Apple’s new chip is the M5. It is bringing power-efficient performance to the new 14-inch MacBook Pro, iPad Pro, and Apple Vision Pro while offering a big leap in artificial intelligence performance.
Built using third-generation 3-nanometre technology, the M5 delivers significant upgrades across CPU, GPU and Neural Engine performance. At the heart of the new chip is a 10-core GPU featuring a Neural Accelerator in each core, a first for Apple Silicon. This configuration enables GPU-based AI workloads to run up to four times faster than on last year’s M4 chip and over six times faster than the original M1. The GPU also introduces Apple’s third-generation ray-tracing engine and enhanced shader cores, which together offer up to 45 per cent higher graphics performance.
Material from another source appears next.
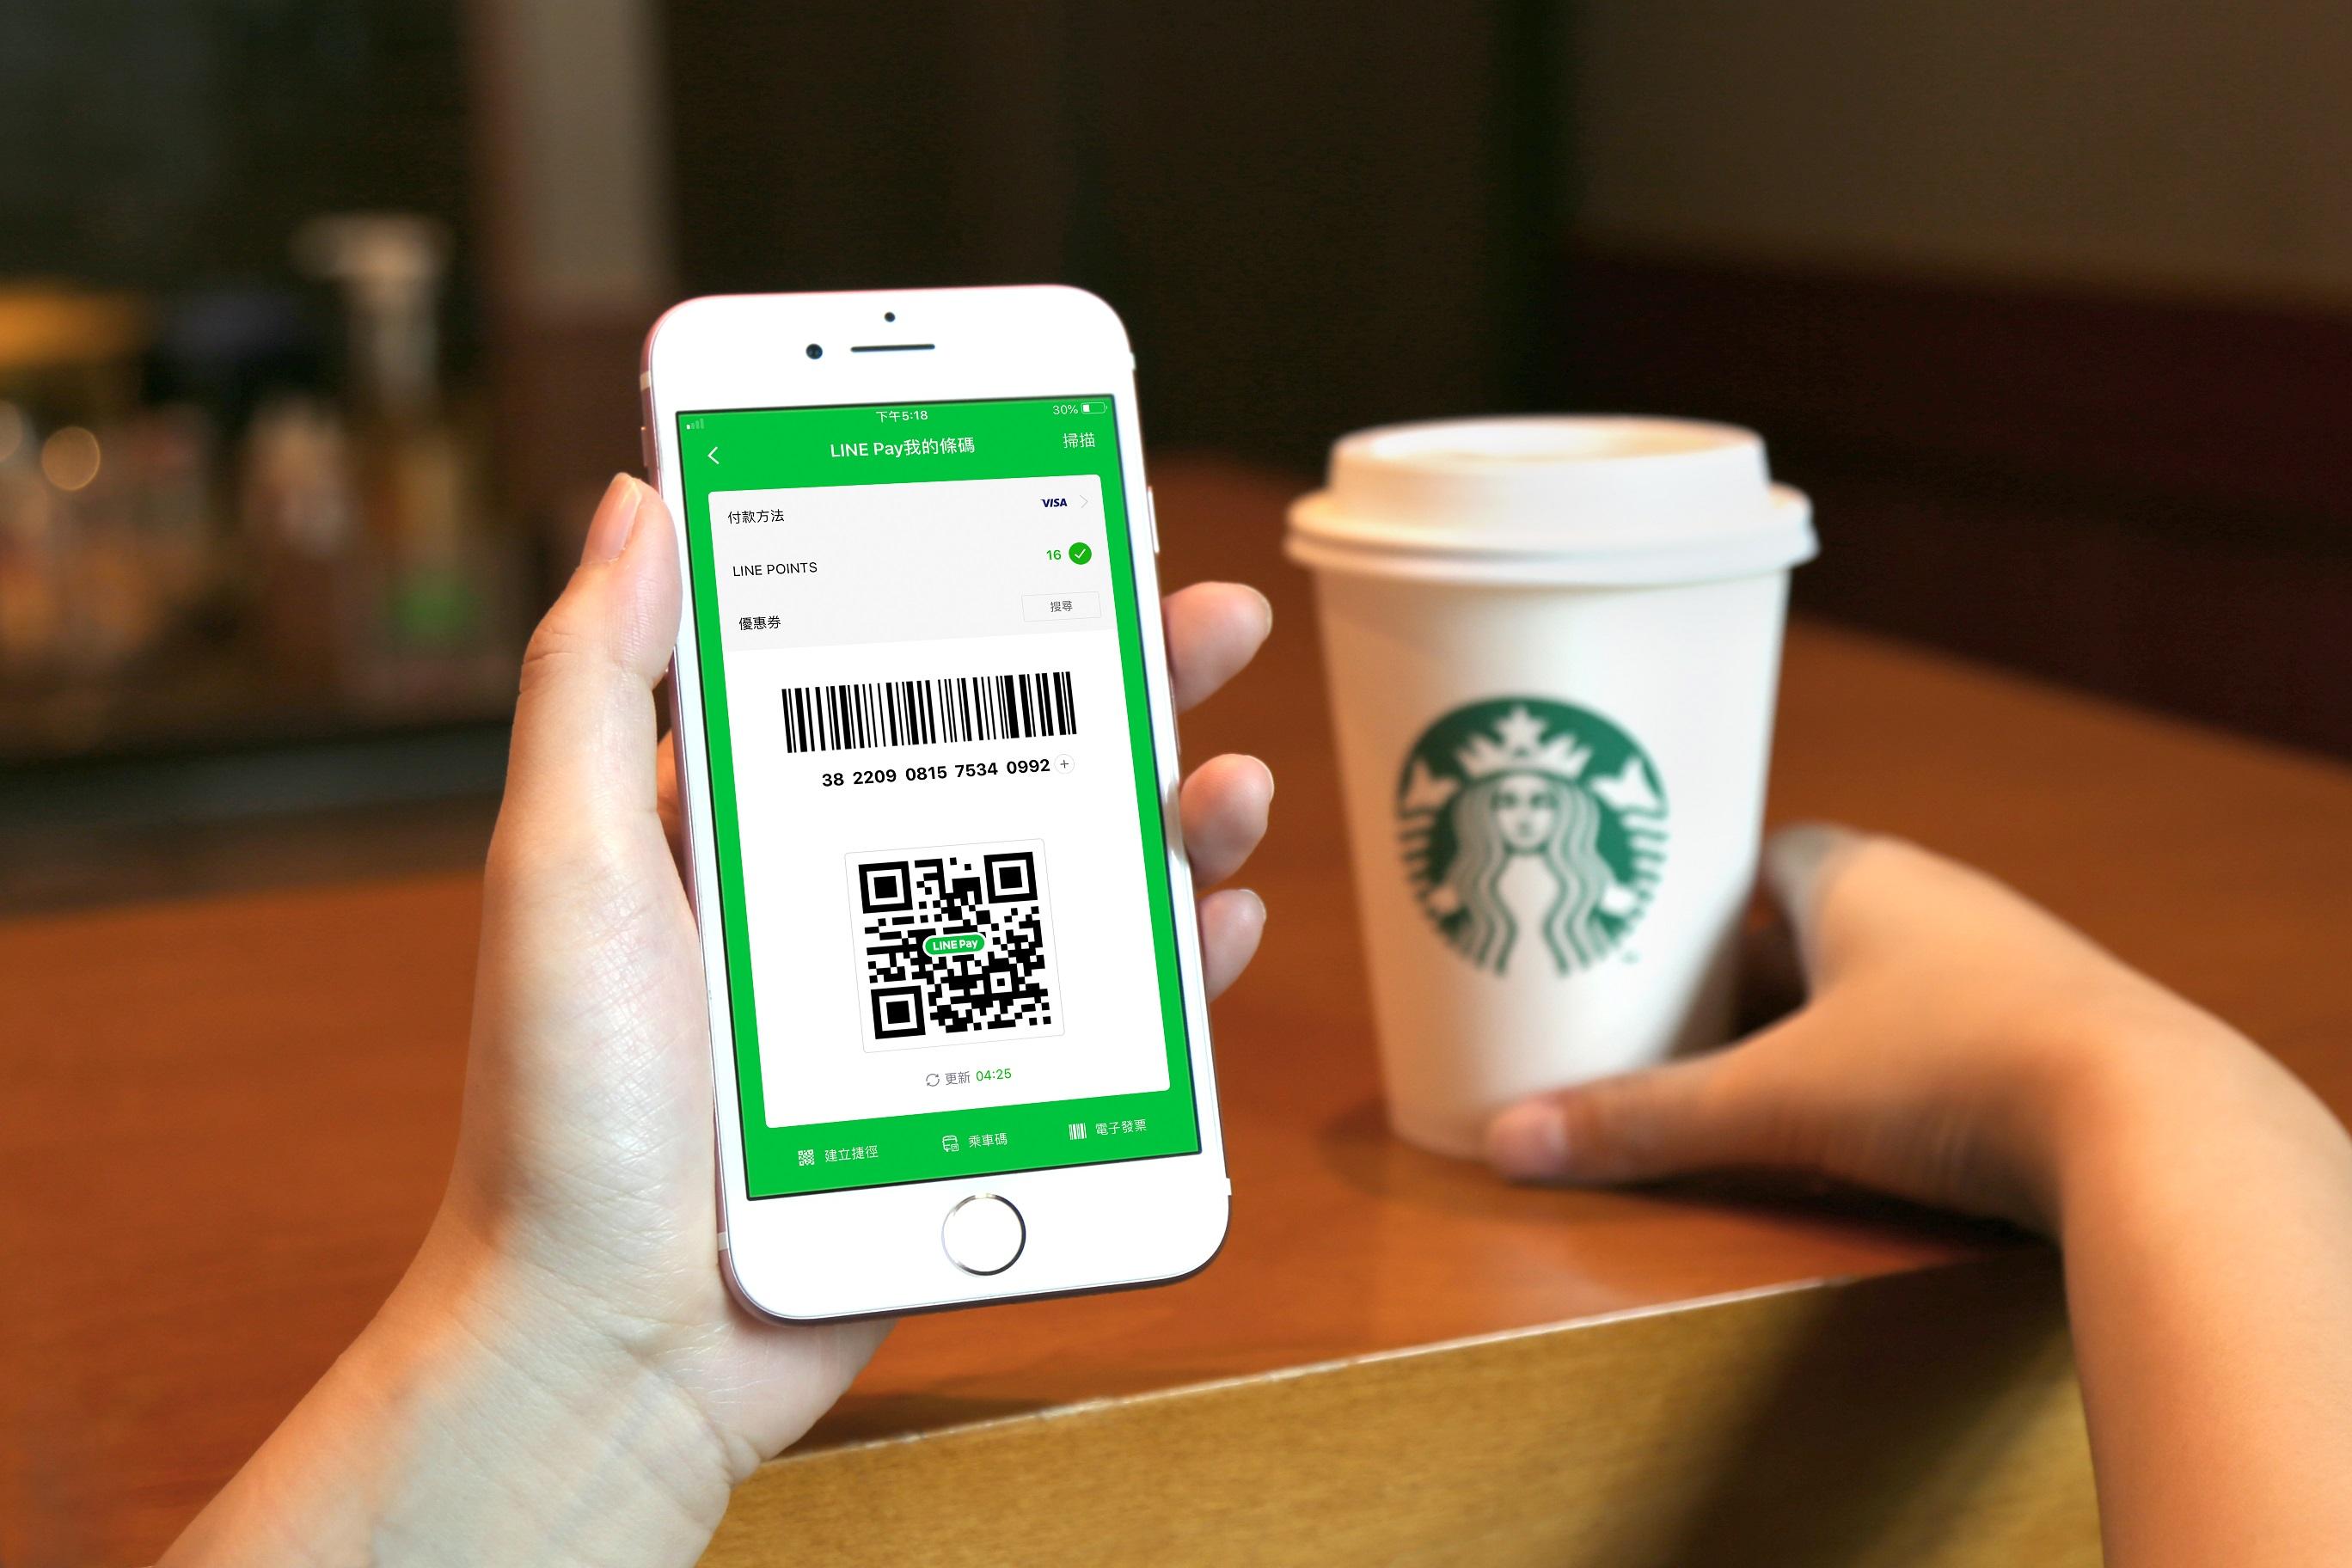 LINE Pay 攜手星巴克 即日起門市可透過 LINE Pay「我的條碼」結帳付款了! 期間限定推出上看 LINE POINTS 25%超好康回饋

M5 unleashes next-level AI performance with its next-generation GPU architecture, powerful CPU, faster Neural Engine, and higher unified memory bandwidth.
Johny Srouji, Apple’s senior vice-president of Hardware Technologies, described M5 as “the next big leap in AI performance for Apple Silicon”. He said: “With the introduction of Neural Accelerators in the GPU, M5 delivers a huge boost to AI workloads. Combined with a big increase in graphics performance, the world’s fastest CPU core, a faster Neural Engine, and even higher unified memory bandwidth, M5 brings far more performance and capabilities to MacBook Pro, iPad Pro, and Apple Vision Pro.”
The M5’s CPU architecture features up to four performance cores and six efficiency cores, resulting in up to 15 per cent faster multithreaded performance compared to the M4. Apple has also improved the 16-core Neural Engine, enabling faster processing for AI-driven features such as transforming 2D photos into spatial scenes or generating Personas on Apple Vision Pro.
A major improvement is the 30 per cent increase in unified memory bandwidth, now reaching 153GB/s. This allows the chip to handle larger AI models entirely on-device, supporting creative and productivity workflows in applications like Adobe Photoshop and Final Cut Pro. Developers using Apple’s Foundation Models framework or Metal 4 API will also benefit from direct access to the Neural Accelerators for AI-specific workloads.